Finding Peace in the Midst of Chaos
Transitions, in general, are pretty rough for us as human beings. But re-entry after my vacation was especially challenging. I came home to a busted septic tank and then, a few days into the heat wave, the central air conditioning, which was original to my 1960’s house, finally died.
None of these are cheap or easy problems to solve but still my problem-solving brain immediately started working itself in circles trying to come up with fixes.
My contractor, who has been a guardian angel on my path, came over and stood in the yard with me, taking it all in.
This is a man who first helped my ex and I renovate our family home many years ago and then, when I left that home in the midst of a high conflict divorce, he helped me renovate the fixer-upper I live in now with the kids.
This is a man who showed up and stood in the gap of my father wound, restoring my faith in men when it was at an all time wounded low. His beautiful, strong, divine masculine energy is in the walls and the basement and the floorboards of my home now and I’m so deeply grateful for him.
He looked at me as we stood there together discussing the options, doing the math.
“I’m so sorry Mary,” he said.
I squinted up at him, shielding my eyes with my right hand. I felt like crying. Not because of the overwhelm or the stress - though those were coursing through my being pretty heavily. I felt like crying the same way you might suddenly feel like having a slice of cake if you walked through the kitchen and noticed one sitting out on the counter.
The possibility of the thing becomes the hunger for it.
A sweet and simple act of being compassionately witnessed made crying feel possible. I don’t experience this very often. I’ve always been way more comfortable with anger than sadness. Even though they’re just two different sides of the very same coin.
There were so many opportunities, during this mess at the house, for my anger to dig in and go full bloom. But instead, sadness came.
Maybe that’s because I was literally fresh off the boat from my vacation where I spent a lot of time doing the deep, introspective work of considering, consciously, how I want to feel inside my life. The answer, over and over again, was PEACEFUL.
I want to live in a state of peacefulness and acceptance.
This intention was front and center of my consciousness. So when I came home to a true shit-show, I didn’t sink into a habitual response of anger and self pity. I stayed in a more tender place of being able to acknowledge: “I hate what’s happening right now AND I am determined to respond to it skillfully.”
I allowed myself to lean on my partner and to lean on my dear contractor, who validated my sadness and overwhelm without reinforcing those feelings or making them worse.
Acknowledging our feelings - especially when they’re negative - feels counter intuitive. It’s like steering into the swerve. It seems like we should change the channel instead, distract ourselves, just think of something different.
But in truth, when we try to override the realness of what we’re experiencing, the feelings don’t go away. They just go underground. And we have way less power to deal with what we can’t clearly locate and understand within ourselves.

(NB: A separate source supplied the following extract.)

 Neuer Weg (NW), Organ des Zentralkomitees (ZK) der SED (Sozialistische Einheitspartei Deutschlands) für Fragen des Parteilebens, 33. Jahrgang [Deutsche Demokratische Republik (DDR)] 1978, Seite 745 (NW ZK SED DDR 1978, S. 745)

The beautiful thing about witnessing is that we don’t need to rely on other people for it. It’s a blessing when there are safe people in our lives that we can have this kind of interaction with, but it’s not a prerequisite. We can witness ourselves, through mirror work or words of self appreciation. Nature can witness us. The open sky or the open road can be a witness. The page. The pets in our lives. All of these relationships are as real and valid as interpersonal ones and they can support us in our deeply human need to tell the truth about how we’re feeling and have that truth validated.
When our feelings are validated, they feel more complete and we can release them. We are freed up to feel other, more empowering emotions in their wake. There is space.

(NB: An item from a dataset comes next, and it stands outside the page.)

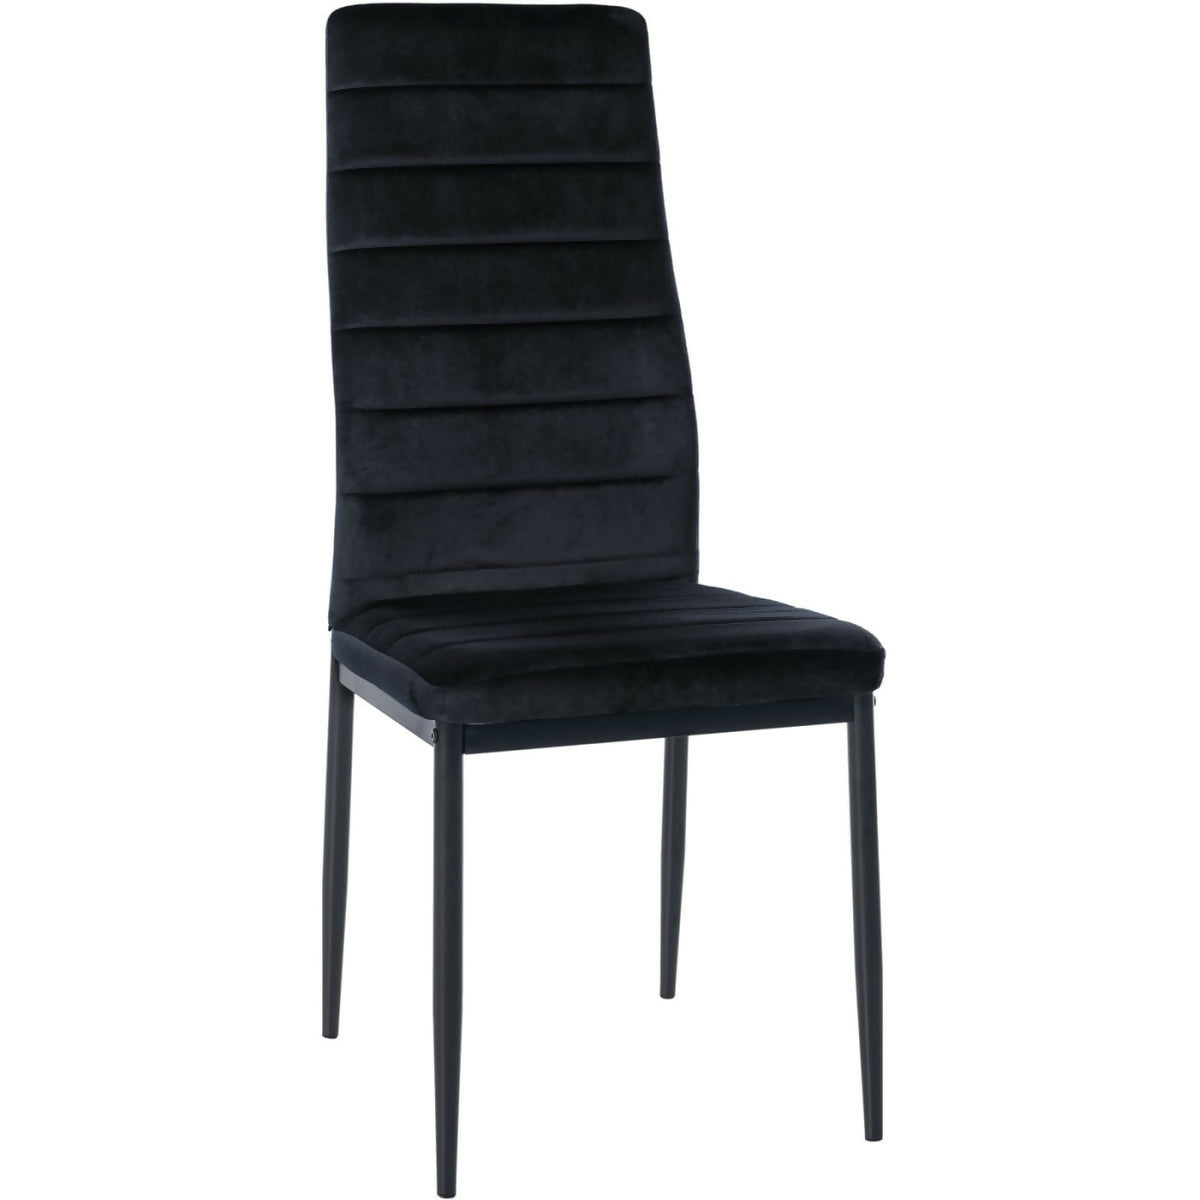 Mayfair Velvet Chair - Black

Acknowledging a problem is not the same as solving it. But often, like a kind of magic trick, the solution comes on the heels of the relief we feel in expressing our truth.
How do you want to feel? Who do you want to be inside your life?
These are sacred, profound, transformative questions. If you take the time to ask them, the answers that come from your Soul will form a blueprint for your best life.
When you know who you want to be and how you want to feel, everything that is not in alignment with those orientations is super easy to identify and let go of. You don’t have to live at the mercy of Life’s ups and downs. You are not defined by the ceaseless churning of the outer world. Your well being, ease and inner freedom depends only on you.